• [Your instructions] From the listing below, give again exactly the lines from the line with "Villa Villa Einfamilienhaus" to the line with "head scarves for", ends included, without any pictures.

• [Records supplied]
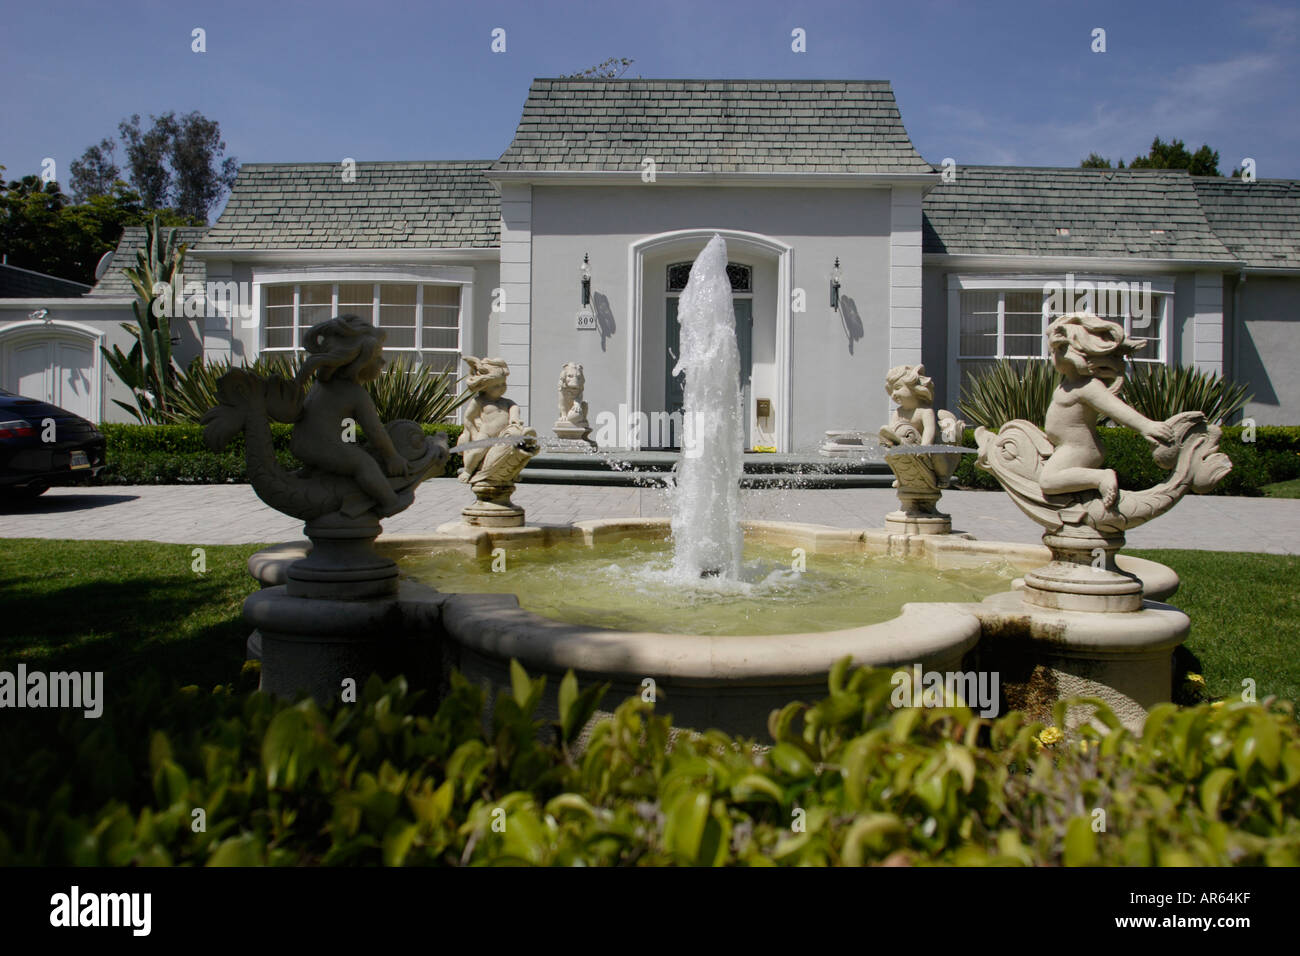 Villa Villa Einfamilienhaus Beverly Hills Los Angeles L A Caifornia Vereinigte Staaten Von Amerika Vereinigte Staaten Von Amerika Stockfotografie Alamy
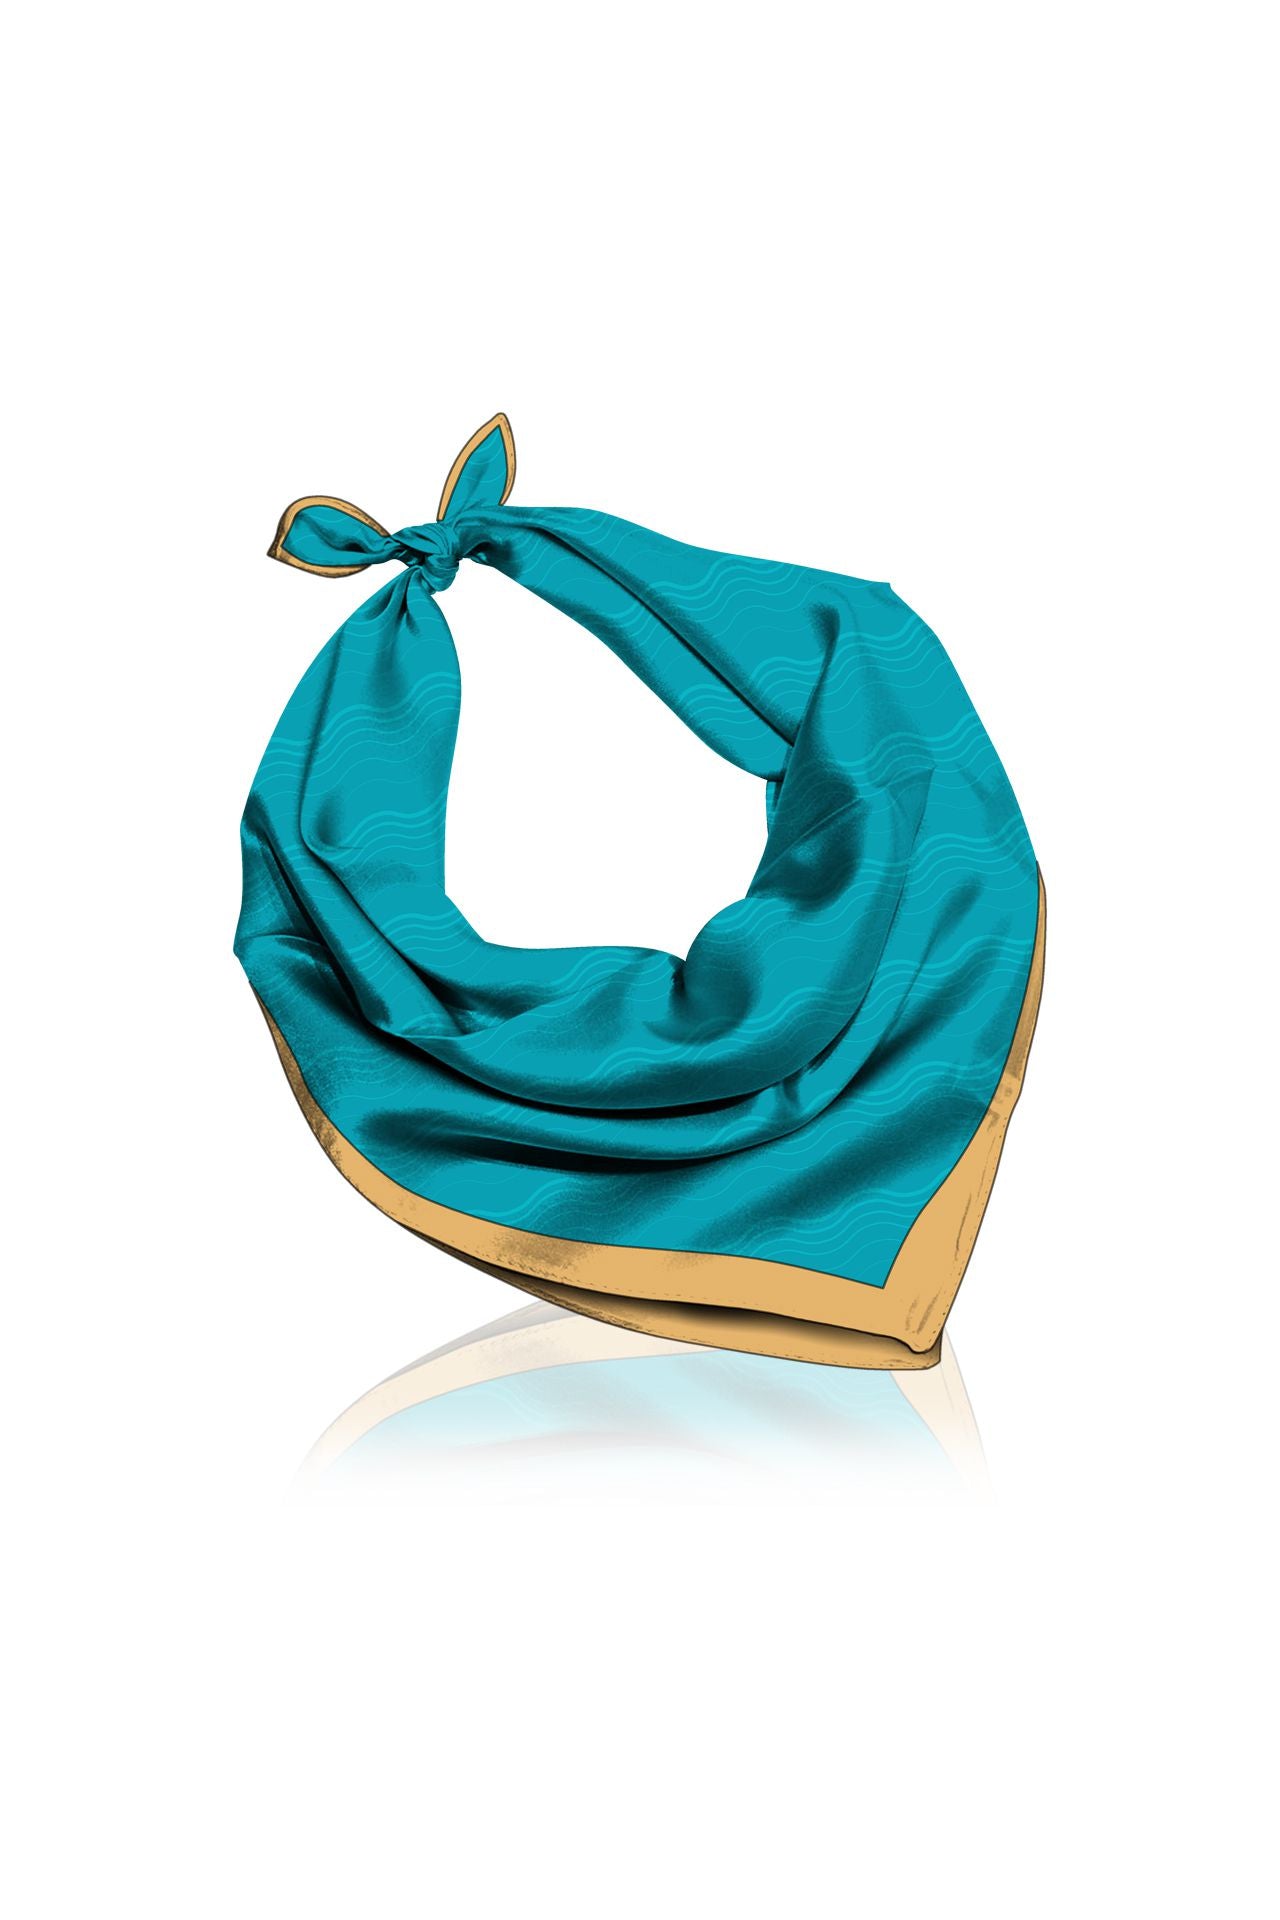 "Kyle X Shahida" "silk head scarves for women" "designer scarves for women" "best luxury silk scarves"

* * *

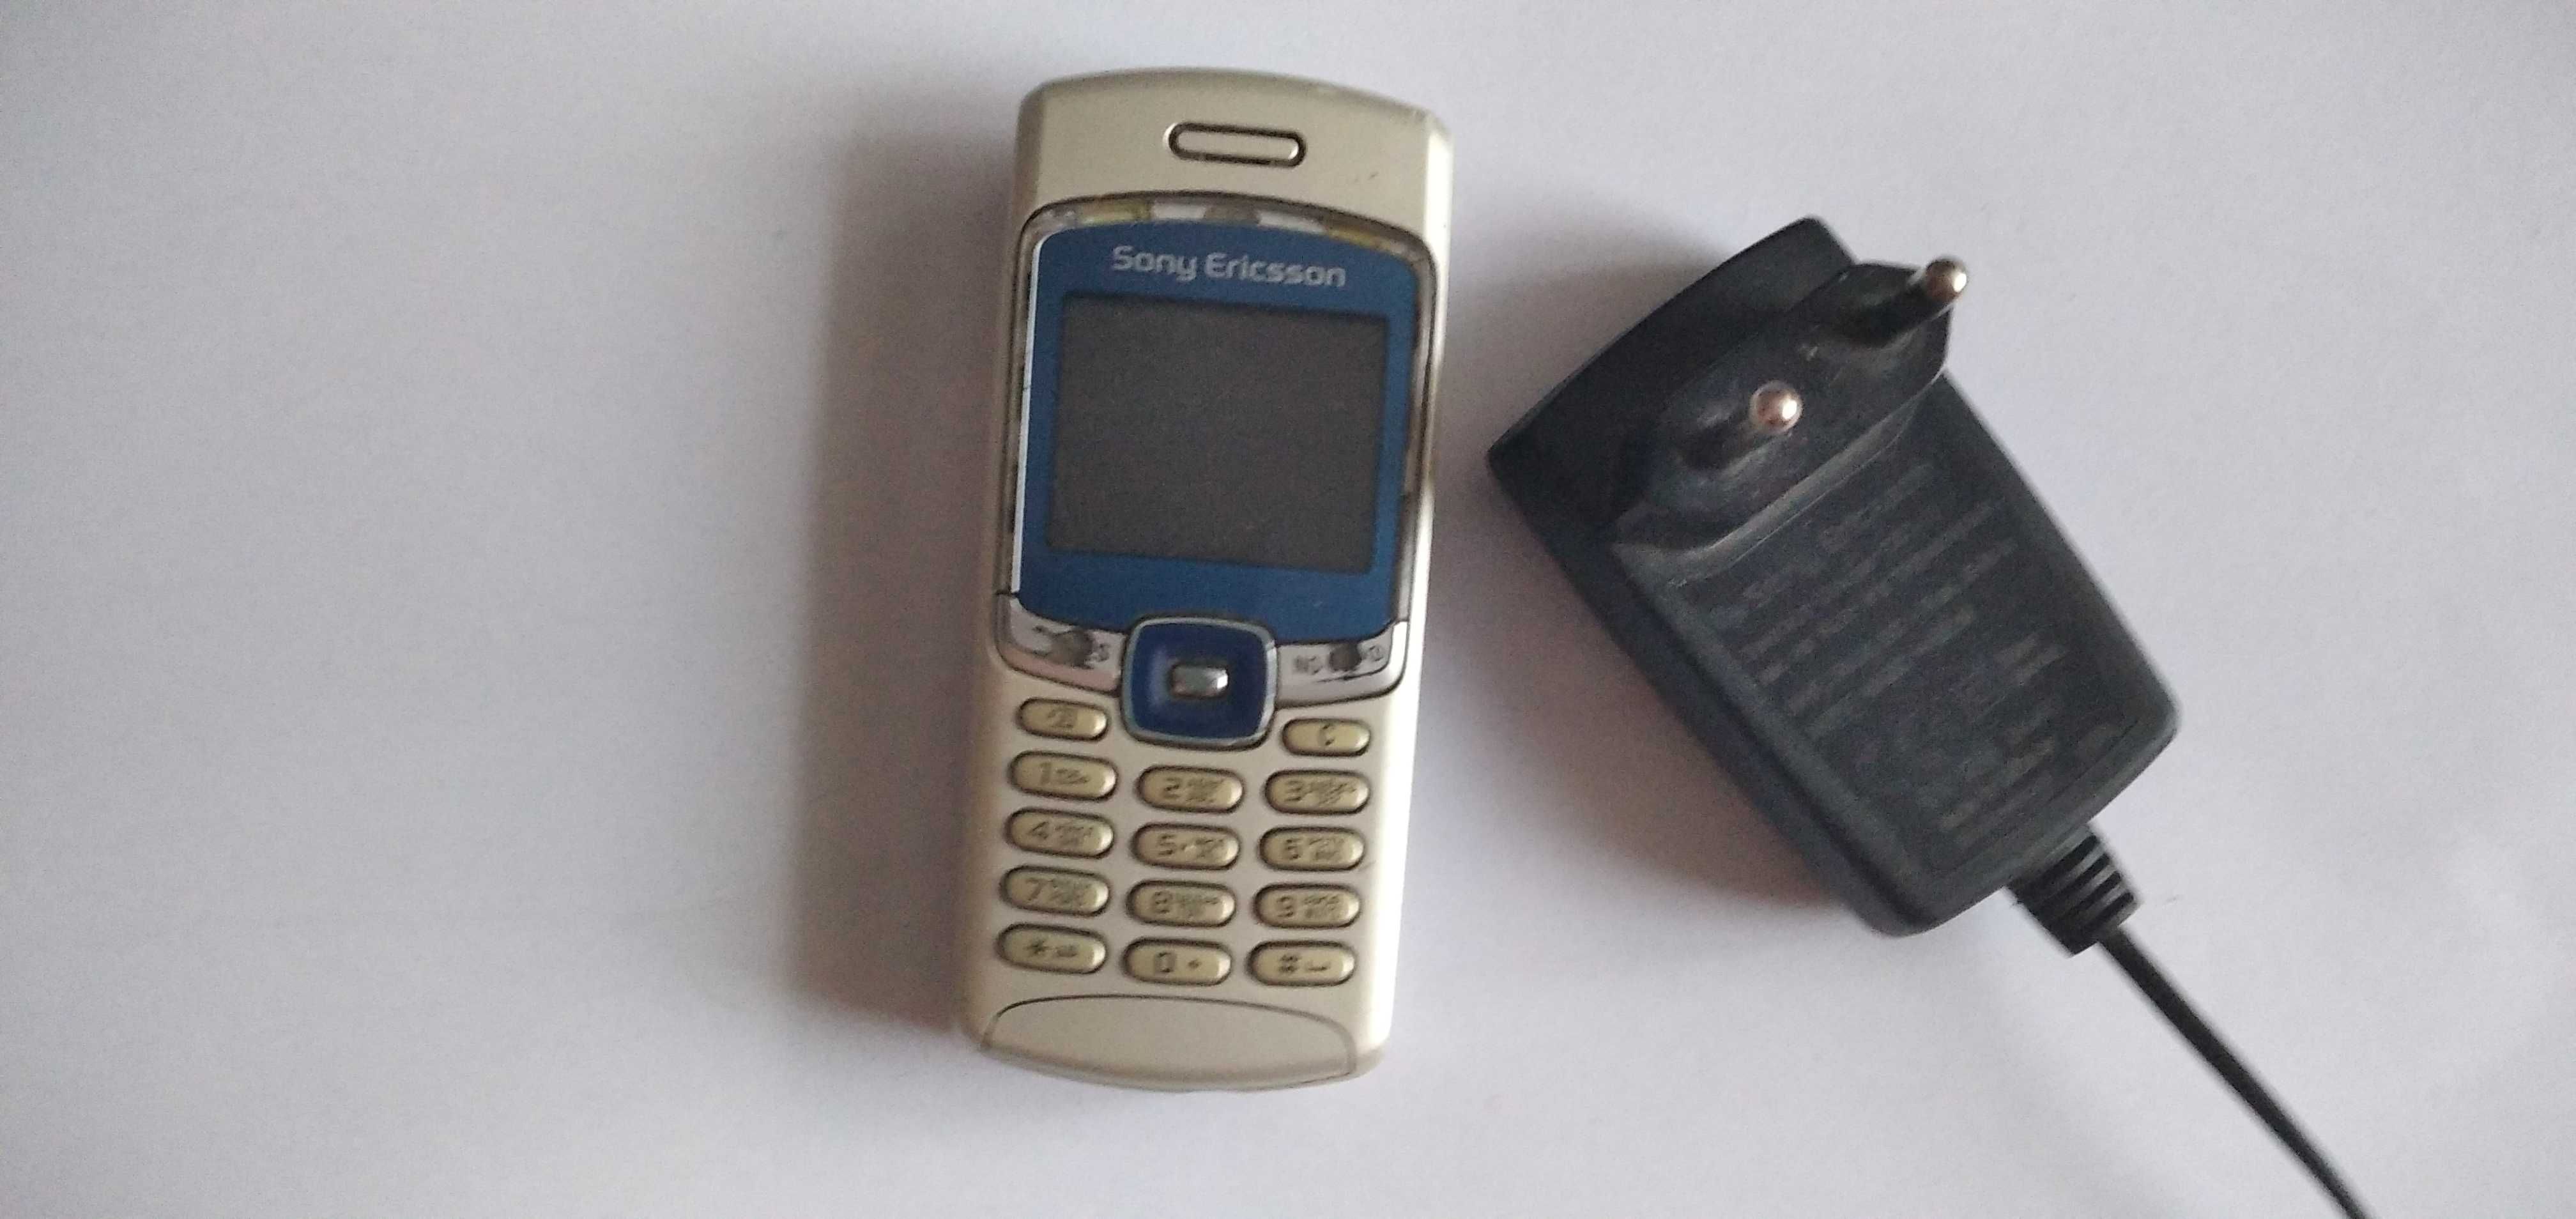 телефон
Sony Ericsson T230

• [Response area]
 Villa Villa Einfamilienhaus Beverly Hills Los Angeles L A Caifornia Vereinigte Staaten Von Amerika Vereinigte Staaten Von Amerika Stockfotografie Alamy
 "Kyle X Shahida" "silk head scarves for women" "designer scarves for women" "best luxury silk scarves"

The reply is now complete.